I do find it funny that you asked that question in this way: "What is your schedule? Is it the same as medical schools..." Which implies to me that D.O.s weren't really in medical school. Maybe that was just a mistake....but maybe it wasn't. When my brother-in-law mentioned to his M.D. friends that I was going to a D.O. school, their response was, "Oh, so she's not in medical school." Hmmmm..... YES. I'm in medical school. Ask all my friends at Panera - they see me studying and working my buns off. We, as D.O.s are working VERY HARD in MEDICAL SCHOOL.
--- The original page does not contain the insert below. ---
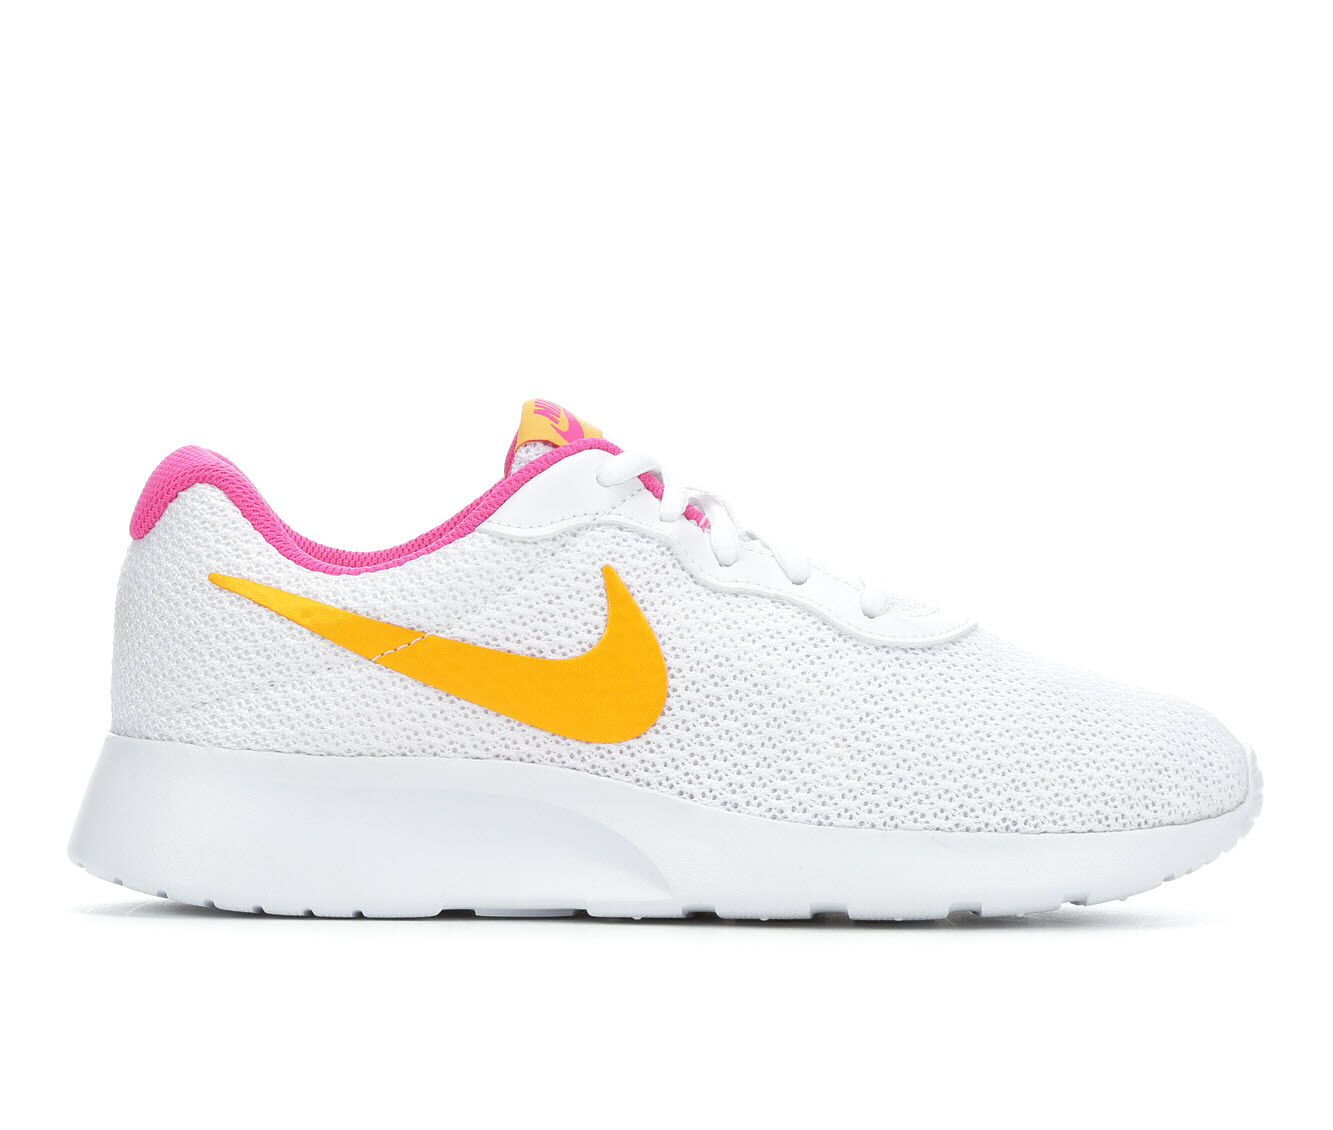 free shipping Women's Nike Tanjun Sneakers White/Gold/Pink

Also, you mentioned that 3x as many D.O.s failed the USMLE compared to M.D.s. First of all, the USMLE isn't our board exam....we take the COMLEX. And just as M.D.s would have a tough time with all the OMM on our exam, we would have a tough time with the M.D. exam. Sure, we learn the same information.....but we are taught to look at things a little bit differently. I'd like to know where you got that statistic though.....I'd be interested to see that. Actually, I'd be more interested to see how the M.D.s would do on our exam. I'd bet you'd find 3x as many M.D.s failing the COMLEX vs D.O.s. Not because you are less educated....but because you have learned differently. But, that will never happen. M.D.s have never been made to take the COMLEX..... Hmmmm.

Finally, you said that the D.O. entering MCAT score was 26 while the score for M.D.s was 31. I can't speak for all schools, I can only speak to the program I am in at DMU. As a student interviewer for 2 years, we saw MANY excellent candidates come through the doors. MCAT scores ranged anywhere from 23 - 42 while I was interviewing. Probably similar ranges to M.D. schools. The 23 might be a little lower....but, still similar. Anyways, I remember one day interviewing this guy who scored A+ all the way through college and had a 42 on his MCAT. Sounded like a good guy on paper. But talking to him? The guy was looney! He had no character to him. He had no spark. In fact, he was outright weird. He couldn't communicate with the interviewing panel and only had one-word answers. Needless to say, we all rejected him. He did not come to our school.

At DMU, I always thought we did a good job admitting good people...not just how they looked on paper....but how they were in person. If this meant they had an MCAT score that was a couple points lower, who cares??? My class still had a 96% pass rate on the first attempt of boards. Must have chosen good candidates........

You're right to say that D.O.s have an uphill battle. That's because there are so few of us!!! (Please refer back to my response to anonymous person #1).

Man, what good conversation!

1 comment:

All Things Considered said...

Wow Girl! Good job! Very well done and very well handled! I do hope that the folks who did not identify themselves read this before 2009!